PROBLEM TO WORK ON
Give again, word for word, the lines below that run from the line with "Ride Texas Classic" through the line with "organic cotton indigo". Drop the pictures.

DATA RECORDS
┏━━

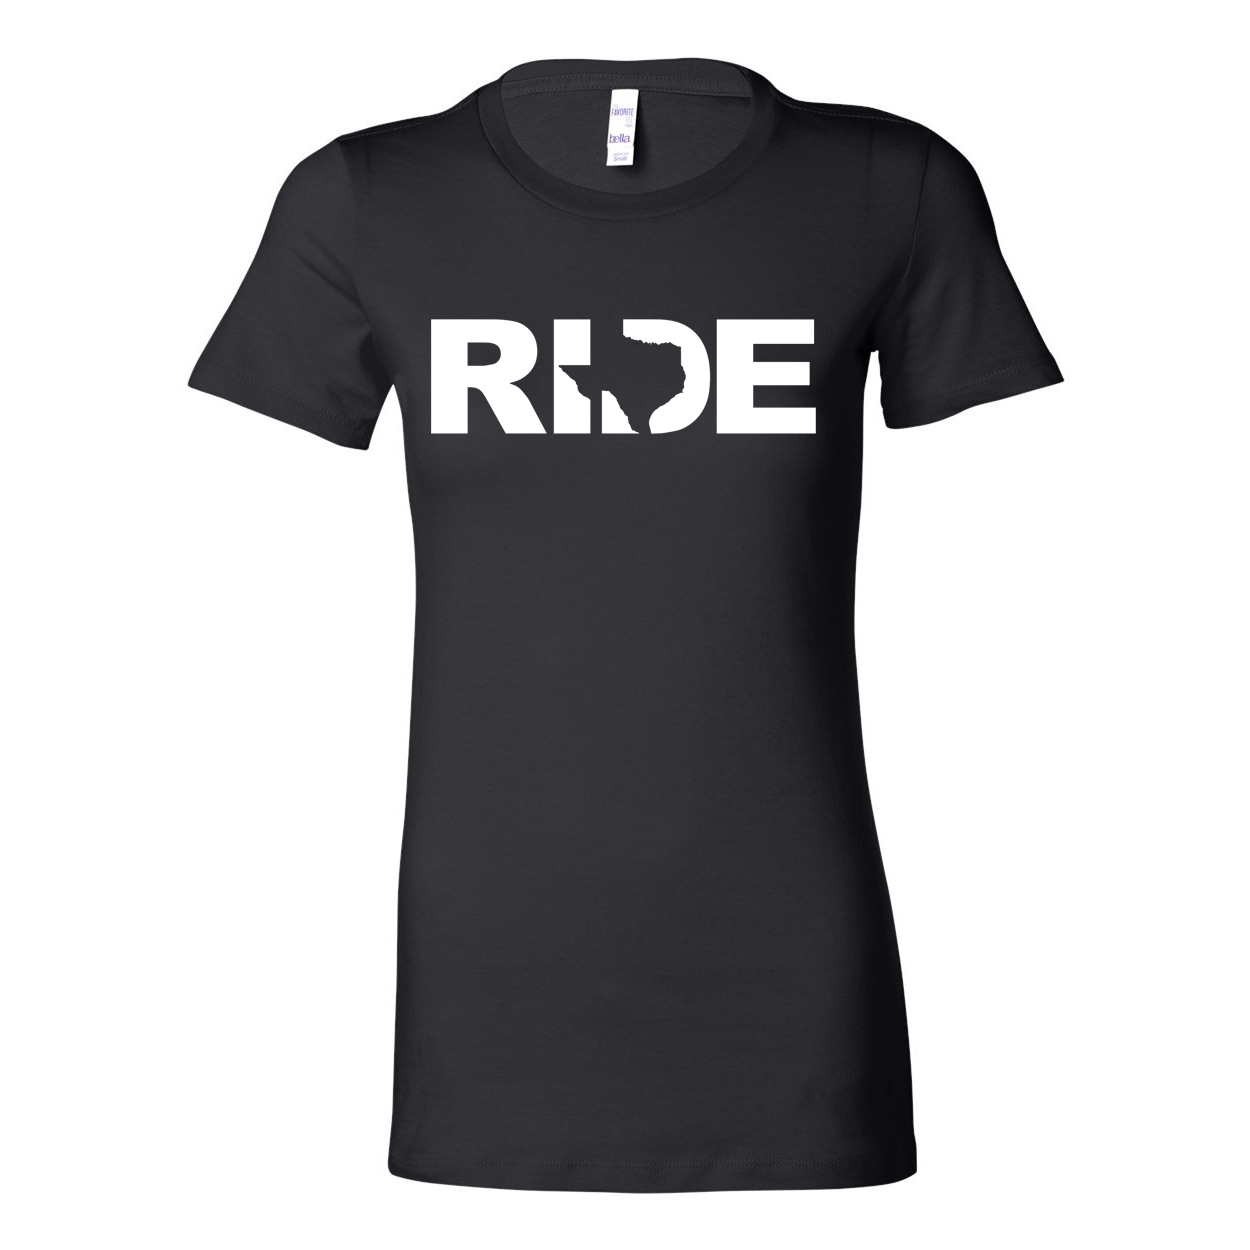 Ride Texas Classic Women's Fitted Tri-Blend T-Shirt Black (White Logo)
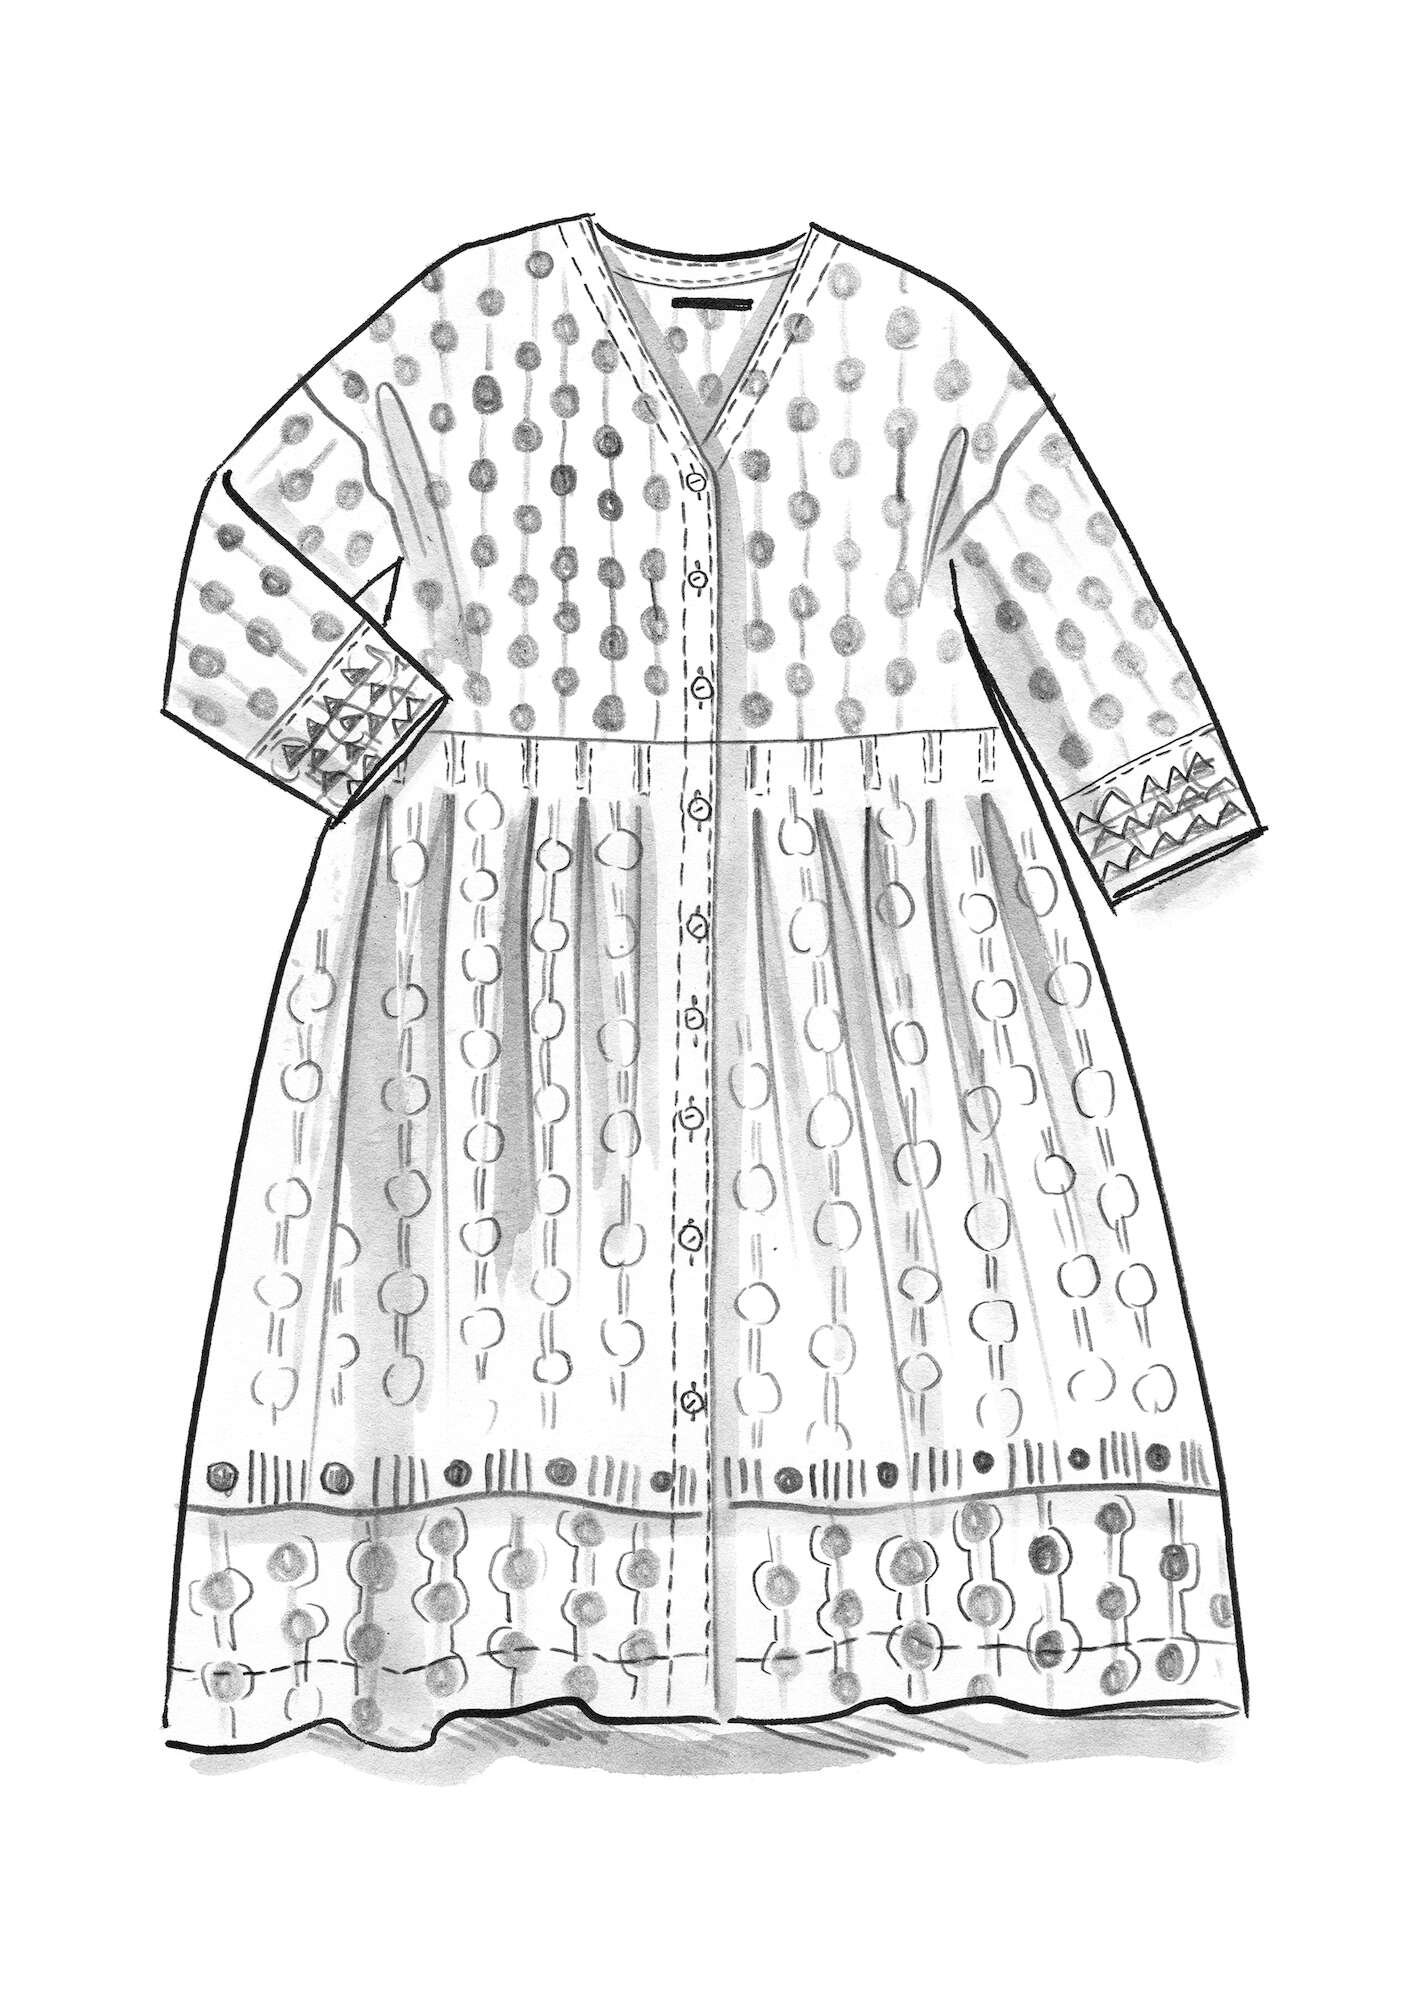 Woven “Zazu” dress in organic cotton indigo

┗━━
┏━━

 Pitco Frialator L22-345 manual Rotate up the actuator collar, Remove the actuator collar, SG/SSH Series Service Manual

┗━━
┏━━

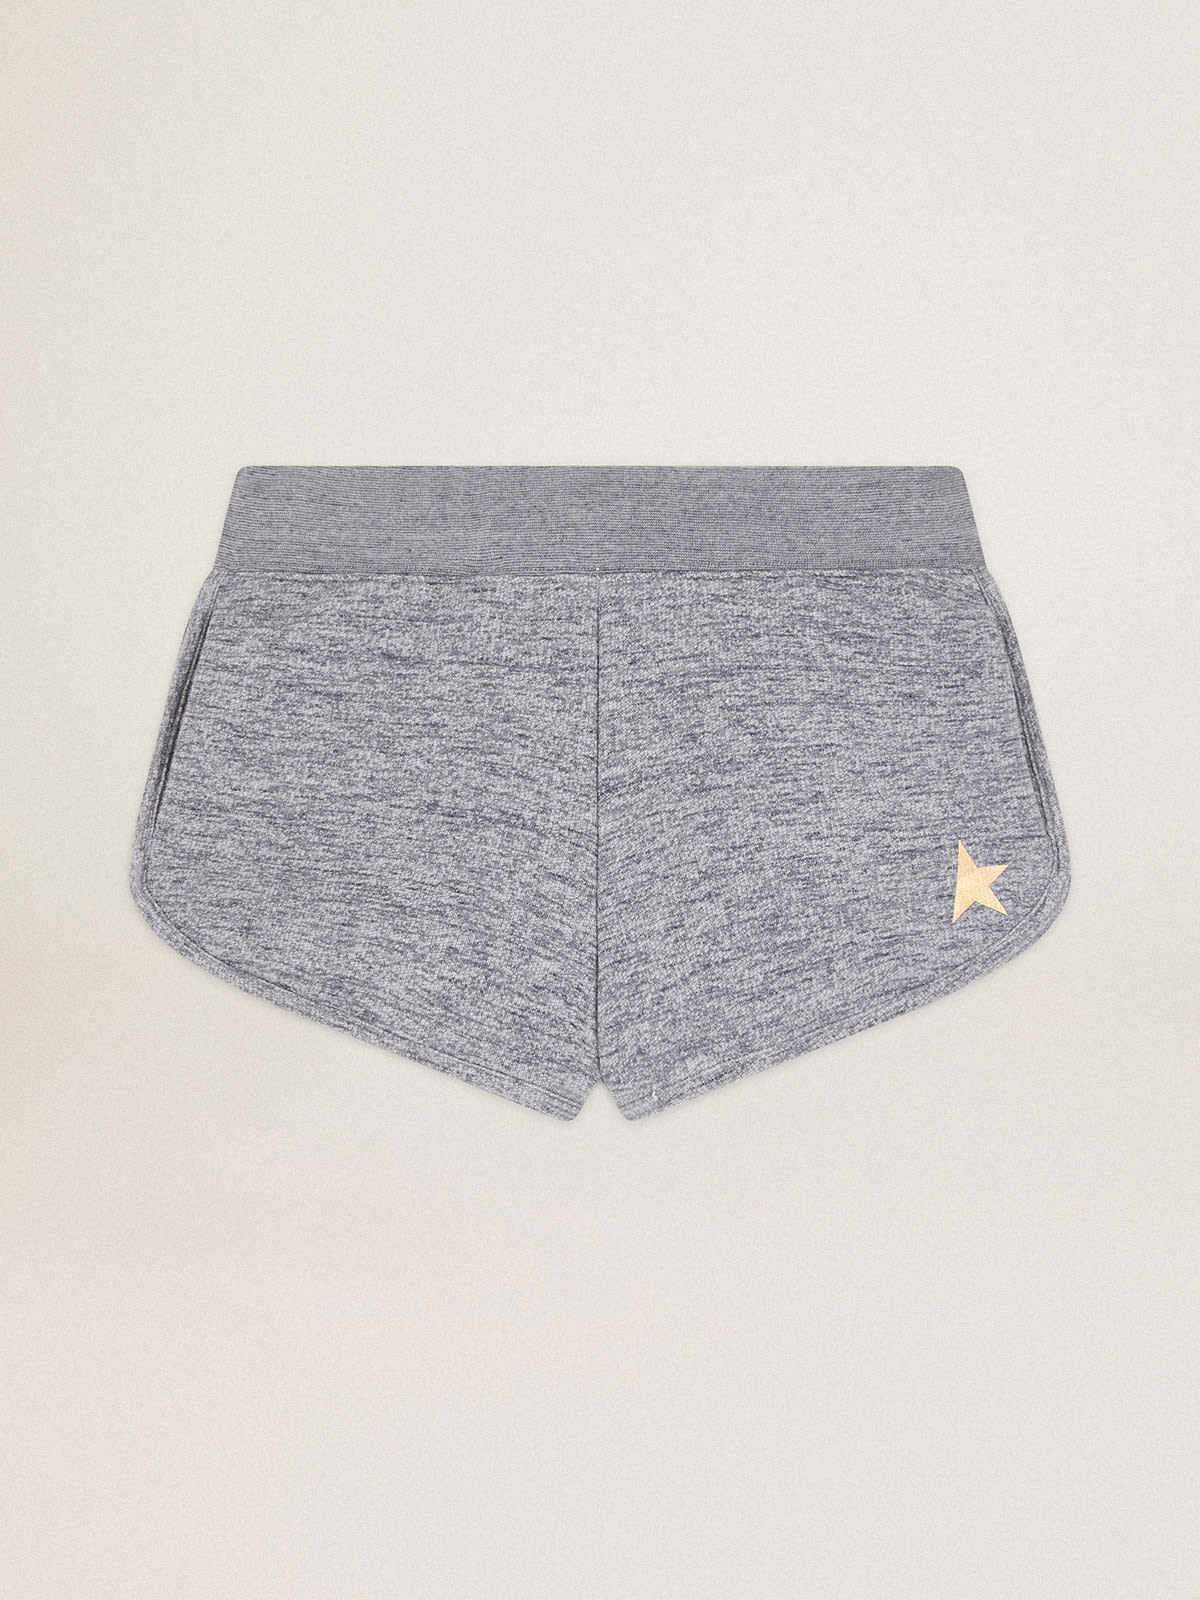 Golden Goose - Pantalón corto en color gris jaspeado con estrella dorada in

┗━━

SOLUTION TO THIS EXERCISE
 Ride Texas Classic Women's Fitted Tri-Blend T-Shirt Black (White Logo)
 Woven “Zazu” dress in organic cotton indigo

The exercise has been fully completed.